We’ll cover complete.php later, let’s first look at what the user and her phone are doing in the meantime.

  1. Post.php

The user will have scanned the QR code by now, and will have entered her PIN code. Upon doing so, the phone generates a response to the QR challenge and will send this response, along with the user’s userid to your application. It posts it to Post.php.

Side note: the phone needs to know where to post the responses; in the enrollment process you specify the URL of your post endpoint. See the Enrollment Integration Guide how this is set up.

Post.php uses the input it receives to make a call to the tiqr library’s authenticate method. The authenticate method also needs the user’s shared secret, which you should retrieve from your user database and pass to the authenticate method.

The authenticate method will then return an authentication response, which could be ‘succesful’, ‘invalid response’ or any of the other tiqr response codes (see the documentation for the Tiqr_Service::authenticate method).

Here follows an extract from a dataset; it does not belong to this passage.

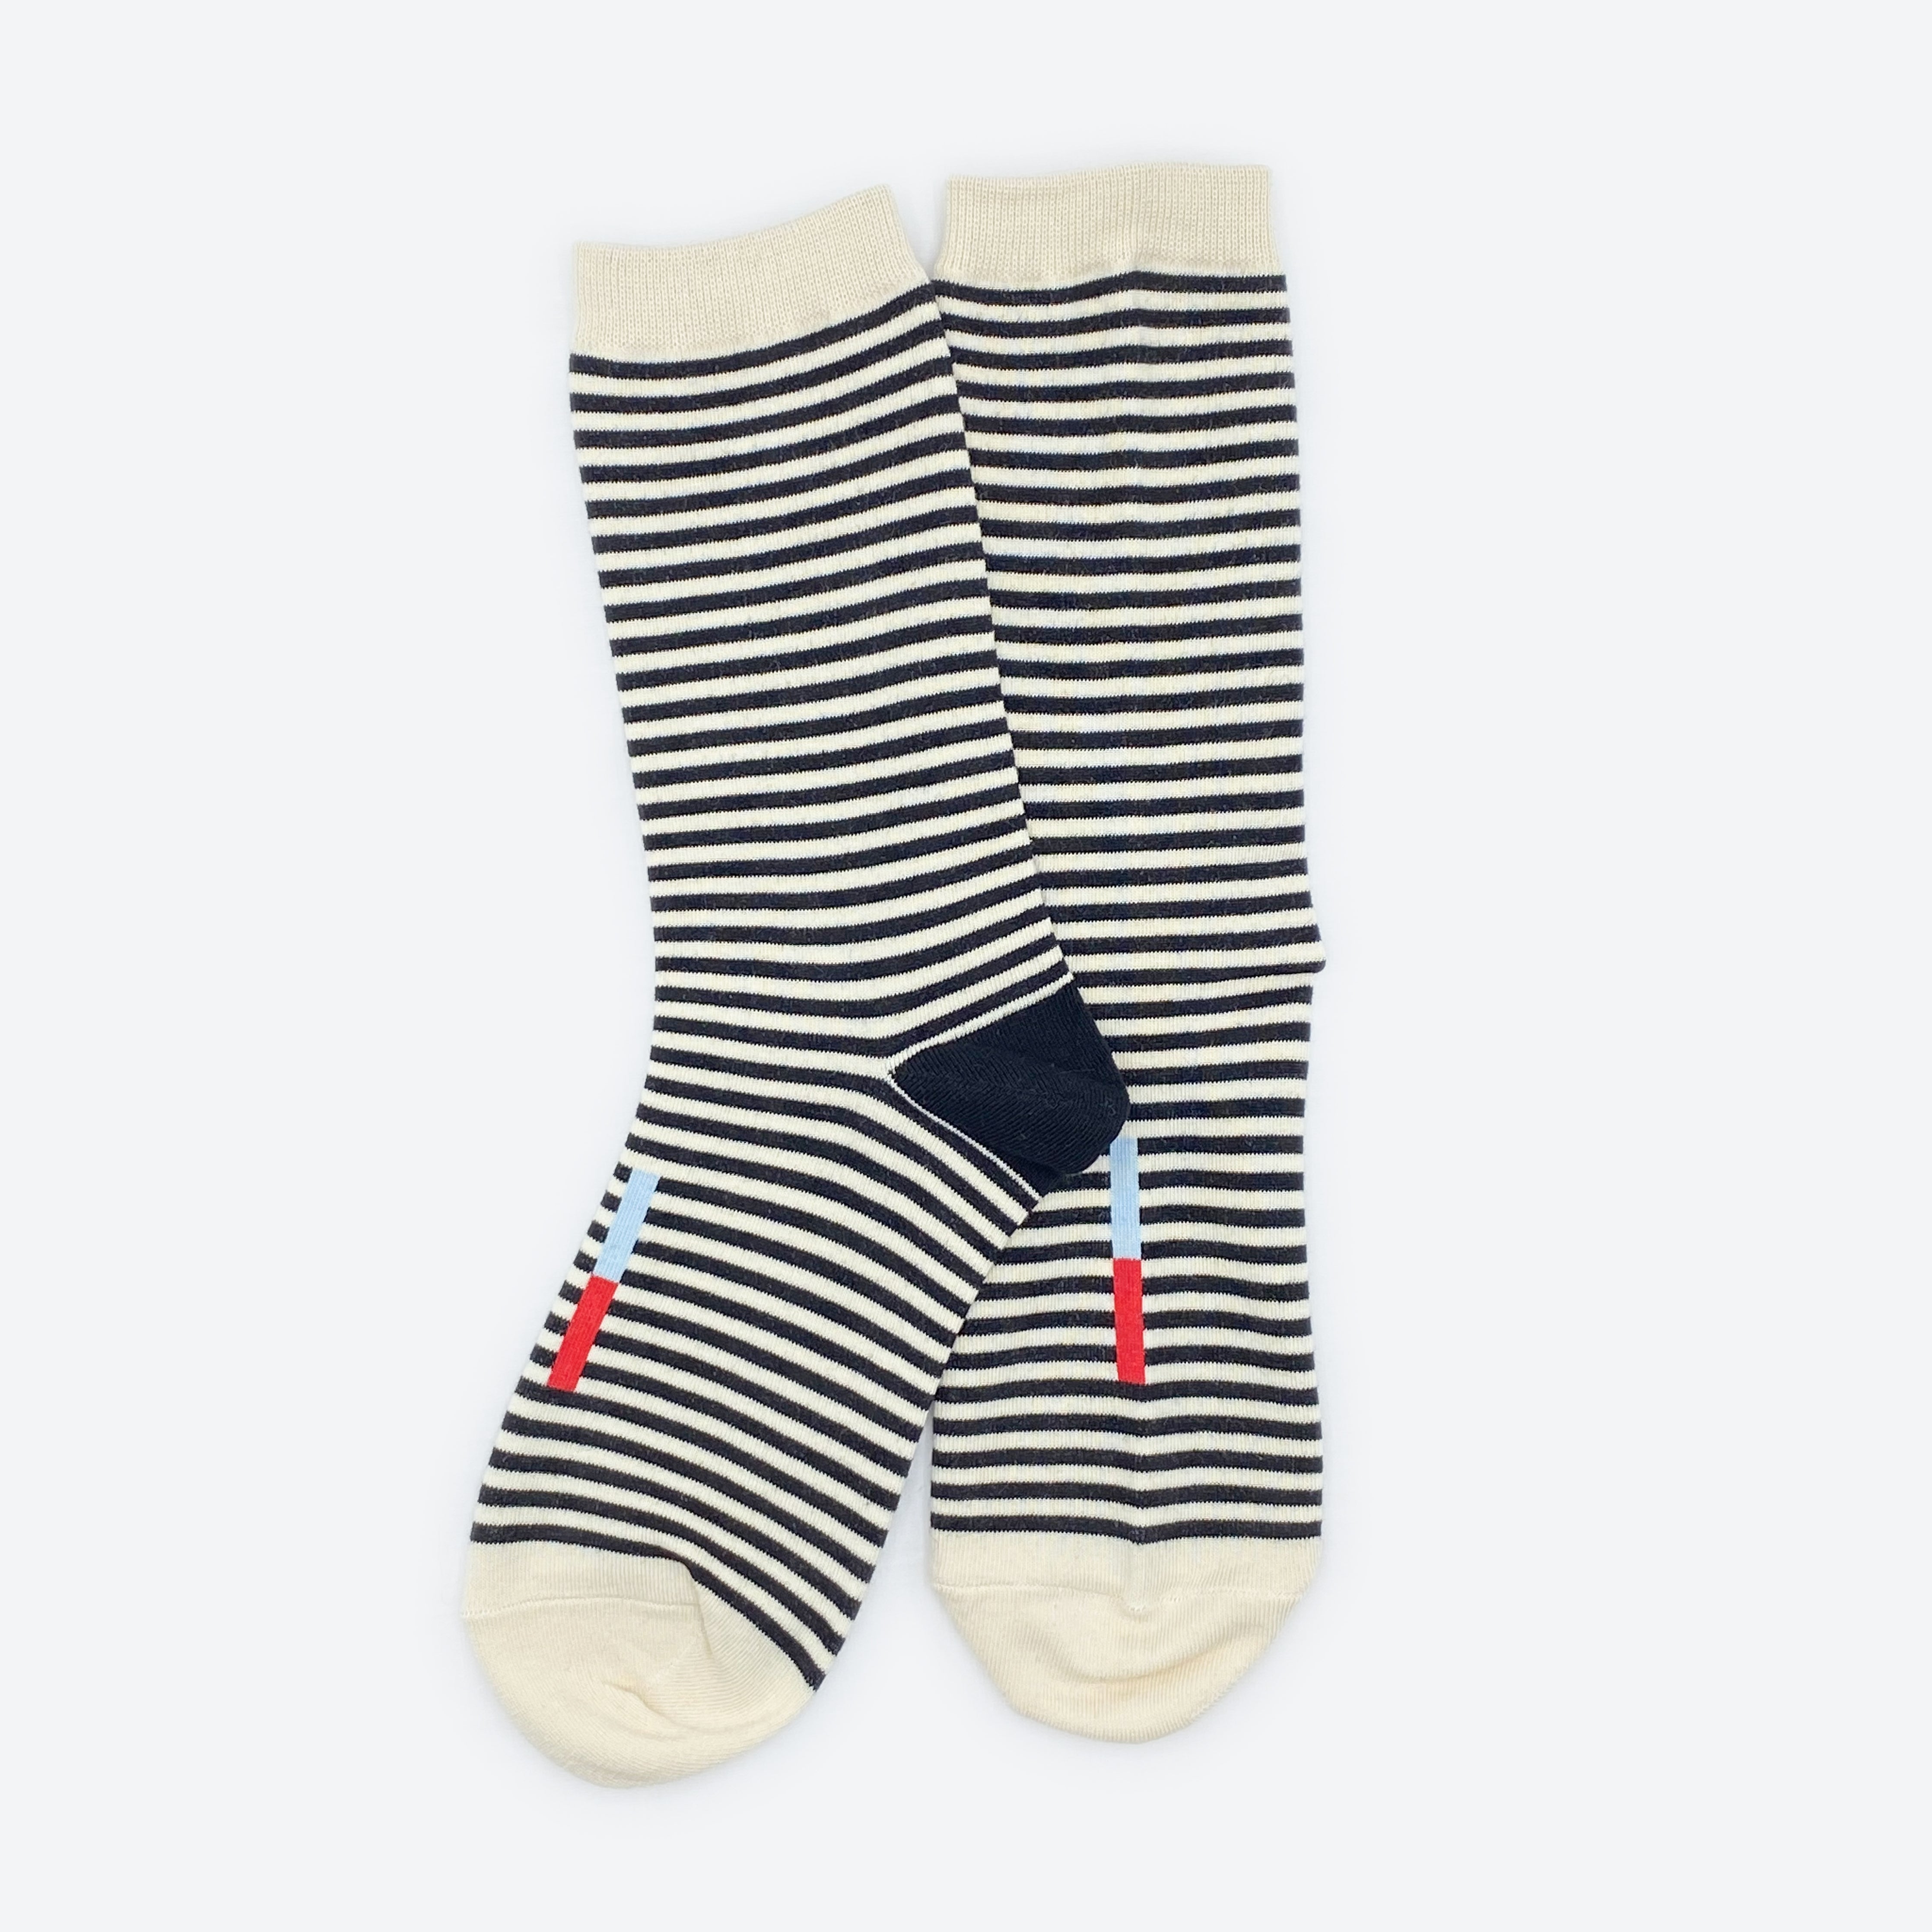 Hooray Sock Co.&#39;s Cole Crew Socks: Classic black &amp; off-white stripes, 80% cotton/20% spandex blend. Men&#39;s (8-12) &amp; women&#39;s (4-10) sizes.

Post.php is responsible for outputting a response to the phone (unlike qr.php and login.php whose output ends up in the user’s browser, post.php is a file whose output is read and interpreted by the phone). What the script outputs should be based on the response code from the tiqr library. See the tiqr authentication protocol documentation on the exact strings that post.php should output. In general, you should simply output a string version of the tiqr library’s response constant. If Tiqr returns Tiqr_Service::AUTH_RESULT_INVALID_CHALLENGE, your script should echo “INVALID_CHALLENGE” (which in this case tells the phone that it scanned the wrong QR code). Make sure the result code is the only thing your script outputs, otherwise the phone gets confused.

If your application supports account blocking after unsuccesful login attempts, it should send an ‘attempts left’ as part of the response, so the phone can display a message to the user indicating she has only so many retries left. For example if tiqr returns AUTH_RESULT_INVALID_RESPONSE, you can send “INVALID_RESPONSE:3” to the phone to indicate there are 3 attempts left. If you block the account then you should output “INVALID_RESPONSE:0” which tells the phone the login was invalid and the account is now blocked on the server side.

Note that actually blocking the user and keeping track of login attempts is a responsibility of your application, not of the tiqr library. The reason for this is that the tiqr library is storage independent; it works with whatever you use to store your user accounts and does not want to impose any account-blocking policies.

  1. Complete.php

Once login has taken place and verify.php has noticed this, the user’s browser will be redirected to the complete.php script to finalize the login process. Whatever you do here is up to your application. Some applications will want to display a ‘you are now logged in’ page, other applications will want to redirect the user to an application page. Most of the time you will want to update your application’s session to indicate that a user is now logged in.

Whichever of these you choose, it is imperative that first you do another call to Tiqr_Service’s getAuthenticatedUser method, to ensure that the user is indeed logged in, and to retrieve the id of the logged in user. If you don’t do this, anybody could call complete.php manually and fake a login, so this is important!

If you create a welcome page, then you’d typically fetch the user’s profile information from your application’s user storage and display that to the user.